A new story about Georgia's film industry seems to come out every two to three days at this point. Although the names of the most recent films to shoot in town change, and the economic impact number grows with each new story, there's never terribly too much new info in them. I'm not complaining that much though, because as a often repeated message, all that talk is likely insulating the incentives from any future political attacks for at least a good number of years. Getting to my main point, Decatur Metro commented on one of the AJC's recent pieces, highlighting the portions about Decatur's speedy, one permit process, among other things. Down in the comments section this caught my eye:
Steve W. says: December 8, 2010 at 1:31 pm Being in the industry, having the productions come to Georgia is a good thing. But, the issue is that the companies that come here are not required to hire locals. Yes, locals are getting some of the work, but with no requirement, a lot of us that are in the more specialized positions are often left out or get little work. Some states require that a percentage of the crew has to be local in order to get the tax cuts, but Georgia doesn’t fall in that category. As far as bringing money into the area, yes, tv/film does raise revenue for local businesses, especially hotels and restaurants. I think if the tax incentives were rewritten with a clause that they had to hire locals, it would be a win all around.
It took about six months after the incentives kicked in and Georgia started seeing an up tick in production for the first grumblings about local hires popped up. And on a base level, those folks have a point. The incentives are about job creation.
However, if people are really relying on outside productions to be the main source of new jobs, we've got a few problems.
First, we are getting jobs. Out of a 100 production slots on BET's The Game, 70 of them are local hires. And reports on shows like The Walking Dead and films like X-Men: First Class is that as they are seeing Atlanta as a true production town they've increased the number of local hires.
Second, film is a who you know, work with your core crew, kind of business. That's not a result of a cut throat world of backstabbing and David Mamet like rants. Nope, that's a result of the fact that when you're in a business where speed is the key, and you're going to be in the "trenches" for 14 to 16 hour days, in all manner of conditions--like a Marine in battle--you want to know the cat next to you has your back and will carry their load.
Third point, requiring companies to hire locally hasn't appeared to have been super successful in other states. In fact, it's scared off many companies. Okay, there's a lot of anecdotal evidence, hardly admissible in a court of law. Yet, looking at the states that have the clause, I challenge anyone to name me more than a handful that have used the requirement to fuel any meaningful improvement in the health of their production community.

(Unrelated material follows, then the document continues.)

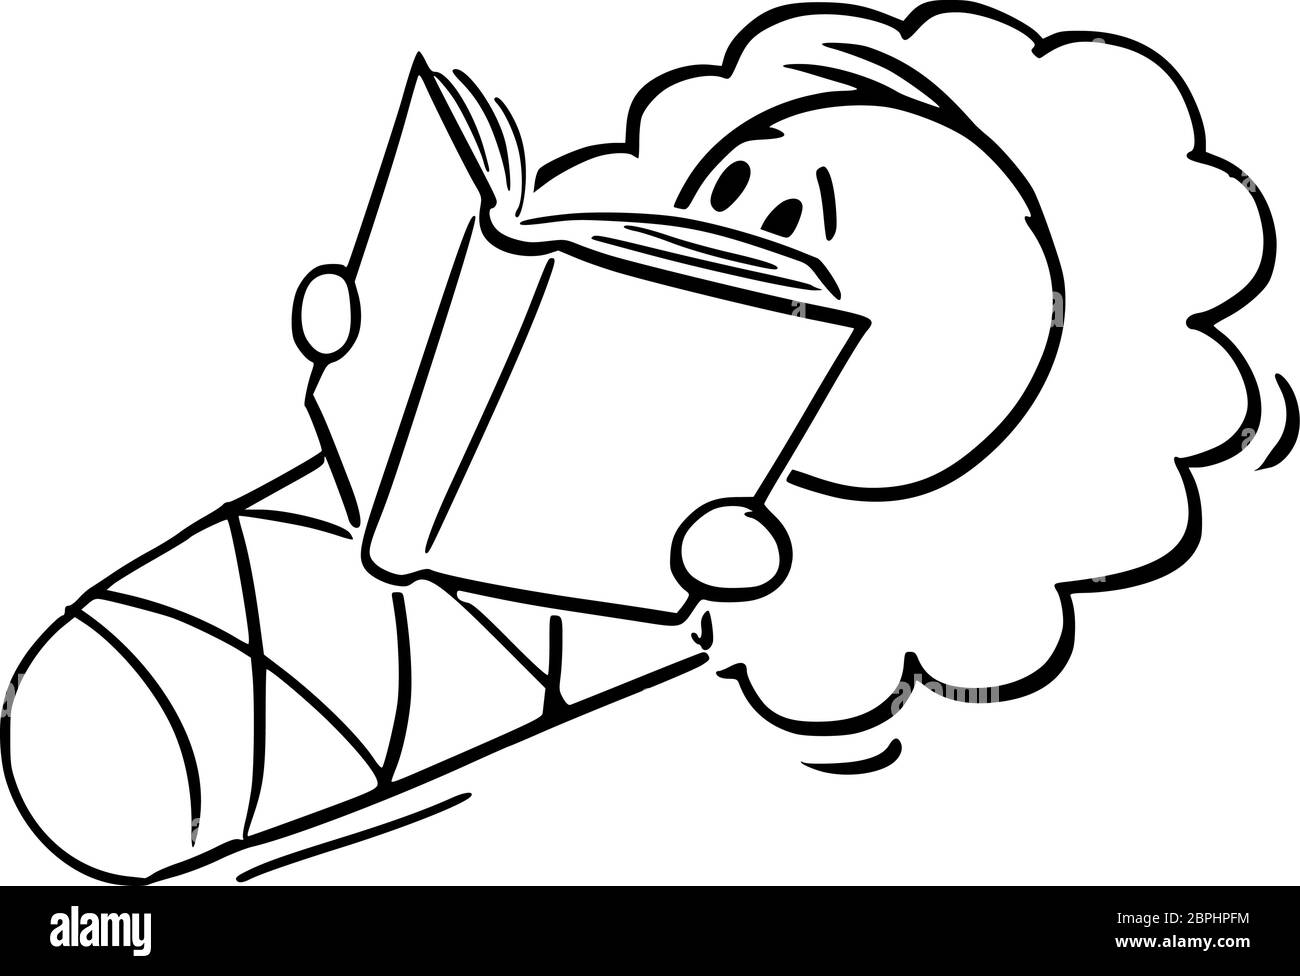 Vektor Cartoon Stick Figur Zeichnung konzeptionelle Illustration von Baby in Wrap oder Swaddle Decke halten, Lesen oder Studium Buch gewickelt. Stock Vektor

Also, if you look at what's happened in other states, the"No Permanent Jobs" narrative has killed incentives before they've even started working. Now, those same folks who were complaining, are now going back to their legislatures and are trying to convince their elected officials to recommit to the programs they were bashing just months earlier.
Fourth, why should they hire locally? For positions that productions could hire locally, yet aren't, there are two possible reasons for that. Either one, they don't know about the people who are here. Or two, we don't have folks who have the experience or the training productions are looking for.
I have heard from more than a few people that it's not so much the former, as it's the later. Even companies that are based here have admitted they've run out of qualified applicants and they've started recruiting out of state for some positions.
For those spots we do have the crew, we definitely have to do a better job of making it known we've got the manpower. However, in the long term, we have to ensure we're turning out folks who are truly ready to be plugged into productions. If there are deficiencies let's not argue that outside folks are just looking for excuses to not bring on locals. We always need to take a deeper look and treat those concerns seriously.
Fifth, yet most important, we can't rely on outside production to bring "permanent" jobs, only on bringing a steady flow of projects and a state of near "permanent" work.
As an offshoot of their on going presence, we should be fostering an environment that allows us to further build up our production community with homegrown companies and indigenous filmmakers.
Even if we we're getting substantially more jobs from out of state, we should always be looking at creating more Turners, Rainforests and Tyler Perrys who are rooted here. It's these folks who will have a much more vested interest in what's happening here than anyone coming outside of the state. They'll also be the ones, hopefully, pushing to tell more regionally and locally based stories.
We should also be looking at our role in aiding production in other states. I'm one who firmly believes that a healthy Southeast and a healthy Georgia go hand in hand it when comes to productions. Film doesn't work only state by state, production doesn't flow like that. A Southeast that's production ready across the board benefits all of us.